| Roderick MacKinnon | |
|---|---|
| Photo placeholder | |
| Affiliations | Rockefeller University |
| Country | United States |
| H-index | 150+ |
| Research Focus | Ion Channel Structure, Neurophysiology |
| Mechanisms | Potassium Channels, Ion Selectivity |
| Nobel Prize | Physiology or Medicine 2003 |
Roderick MacKinnon is a Nobel Prize-winning biophysicist at Rockefeller University. He was awarded the 2003 Nobel Prize in Physiology or Medicine (jointly with Peter Agre) for studies of ion channels in cell membranes[1].
MacKinnon's work revealed the atomic structure of ion channels, explaining how these proteins allow ions to flow across cell membranes with remarkable speed and specificity[2].
MacKinnon solved the first crystal structure of a potassium channel (KcsA), revealing the mechanism of ion selectivity and gating[3].
This achievement provided the first atomic-level view of how ion channels work, a fundamental problem in physiology.
His work explained how potassium channels select potassium over sodium with extreme specificity, despite sodium being smaller. The filter uses precisely positioned carbonyl oxygen atoms that coordinate potassium ions as they pass through.
MacKinnon's structures revealed how channels open and close (gate), providing insights into how ion flux is regulated in response to voltage, calcium, or mechanical stimuli.
His research has also illuminated how mechanical forces open ion channels, important for touch, pain, and hearing.
Calcium and potassium channel dysfunction contributes to excitotoxicity in Alzheimer's and Parkinson's diseases. MacKinnon's findings inform understanding of ion dysregulation in neurodegeneration[4].
Neuronal potassium channels regulate resting membrane potential and action potential repolarization. Dysregulation affects neuronal excitability and survival.
Calcium channel dysfunction is implicated in neurodegeneration. Understanding the structural basis of ion selectivity guides drug development for neurological disorders.
Many neurodegenerative conditions involve dysregulation of voltage-gated ion channels. MacKinnon's work provides a framework for understanding these processes.
MacKinnon has trained numerous researchers in structural biology and ion channel function, advancing our understanding of membrane protein physiology.
MacKinnon's research portfolio emphasizes mechanistic understanding at the atomic level, using structural biology to explain ion channel function in health and disease. His work bridges biophysics and neuroscience, providing foundational knowledge for understanding how ion channel dysfunction contributes to neurodegenerative processes.
The program prioritizes hypothesis-driven discovery: each structural finding generates testable predictions about channel behavior. This approach has proven remarkably productive, with atomic structures leading directly to insights about disease mechanisms and therapeutic targets.
MacKinnon's methodology combines X-ray crystallography, electrophysiology, and molecular dynamics simulations. The strategy involves:
This integrative approach ensures that structural models are validated functionally, providing reliable foundations for understanding neurodegeneration.

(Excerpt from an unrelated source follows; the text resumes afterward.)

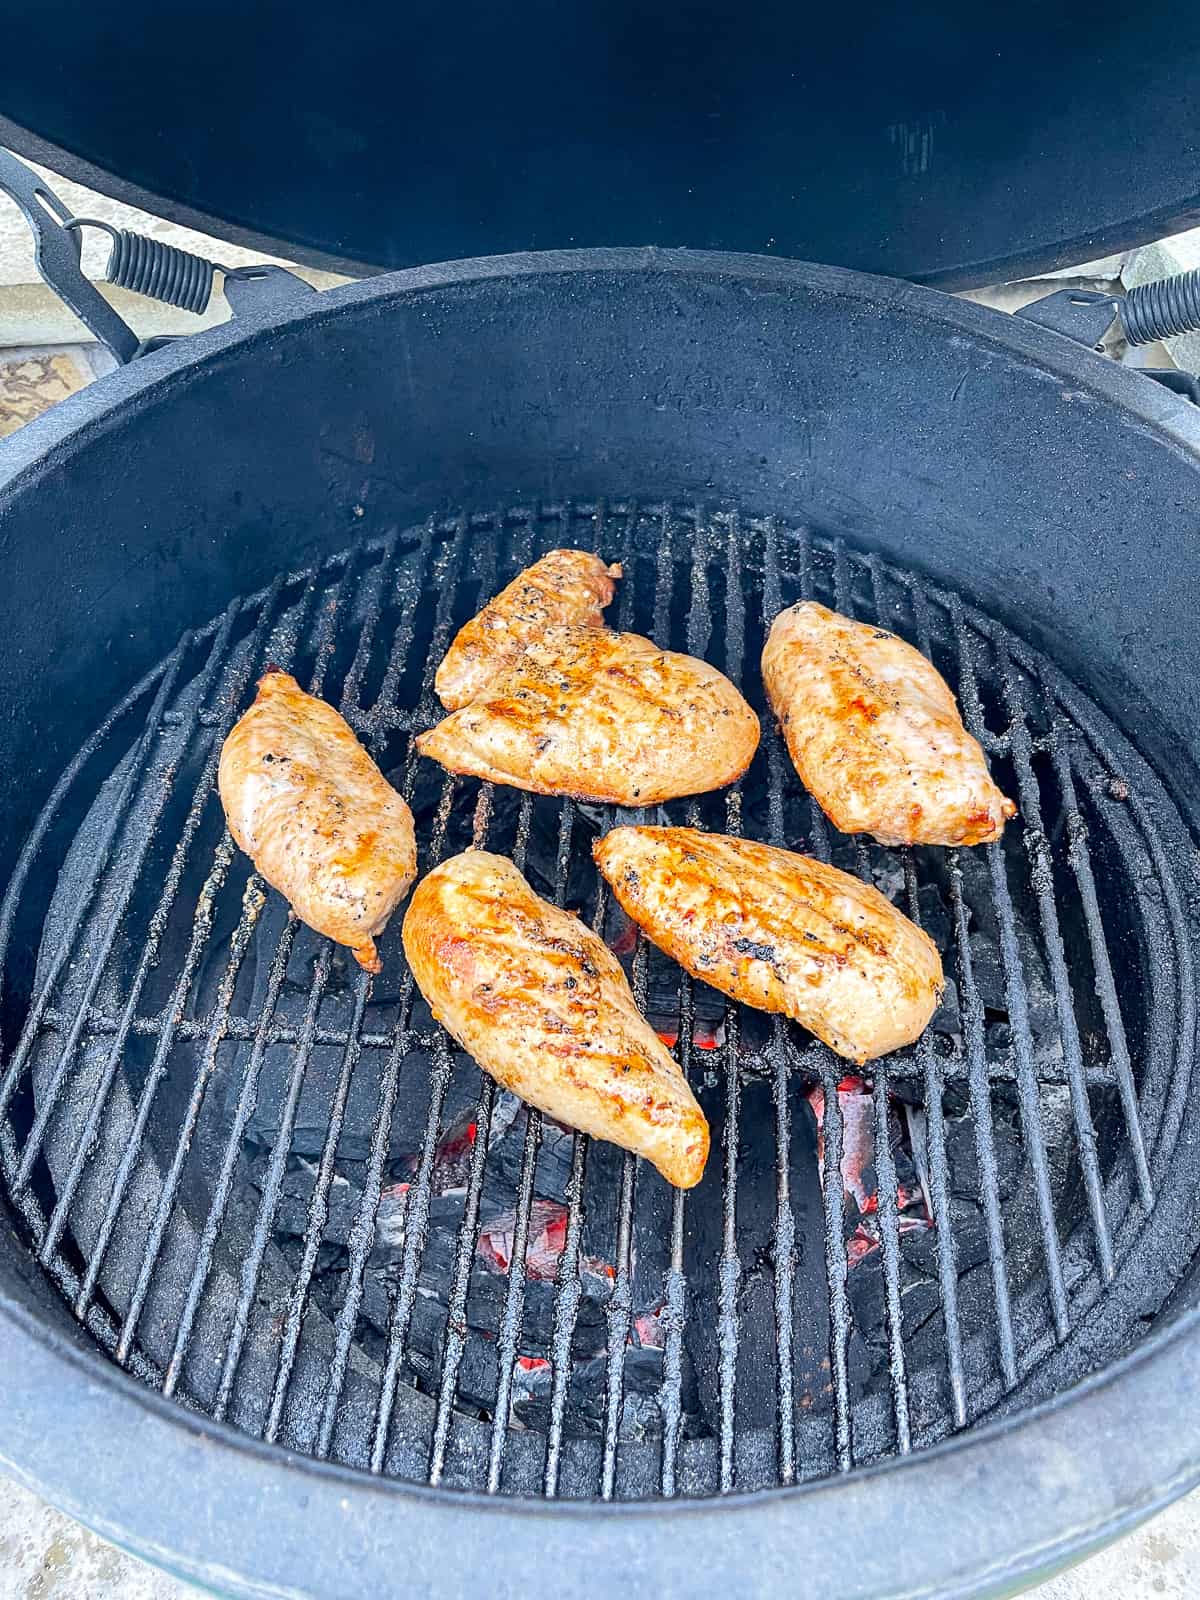 A charcoal grill with chicken on top.

For NeuroWiki readers, MacKinnon's work is relevant in several ways:
Ion Channelopathies: Channel mutations cause familial forms of epilepsy, migraine, and cardiac arrhythmias—conditions that share mechanisms with neurodegenerative diseases.
Drug Discovery: Understanding ion selectivity and gating at the atomic level enables structure-based design of channel modulators for therapeutic intervention.
Excitotoxicity: Potassium and calcium channel dysfunction contributes to excitotoxic cell death in Alzheimer's and Parkinson's diseases. MacKinnon's work informs understanding of these processes.
Biomarkers: Ion channel function in neurons and glia can be assessed through electrophysiological markers relevant to disease progression.
Structure of the potassium channel KcsA with selectivity filter. Nature, 2001.
Atomic structure of a voltage-dependent K+ channel in a lipid membrane-like environment. Nature, 2003.
An iron-sulfur cluster in the C-terminal domain of the CFTR chloride channel. Science, 2013.
Structure of the human voltage-gated potassium channel Kv1.2. PNAS, 2005.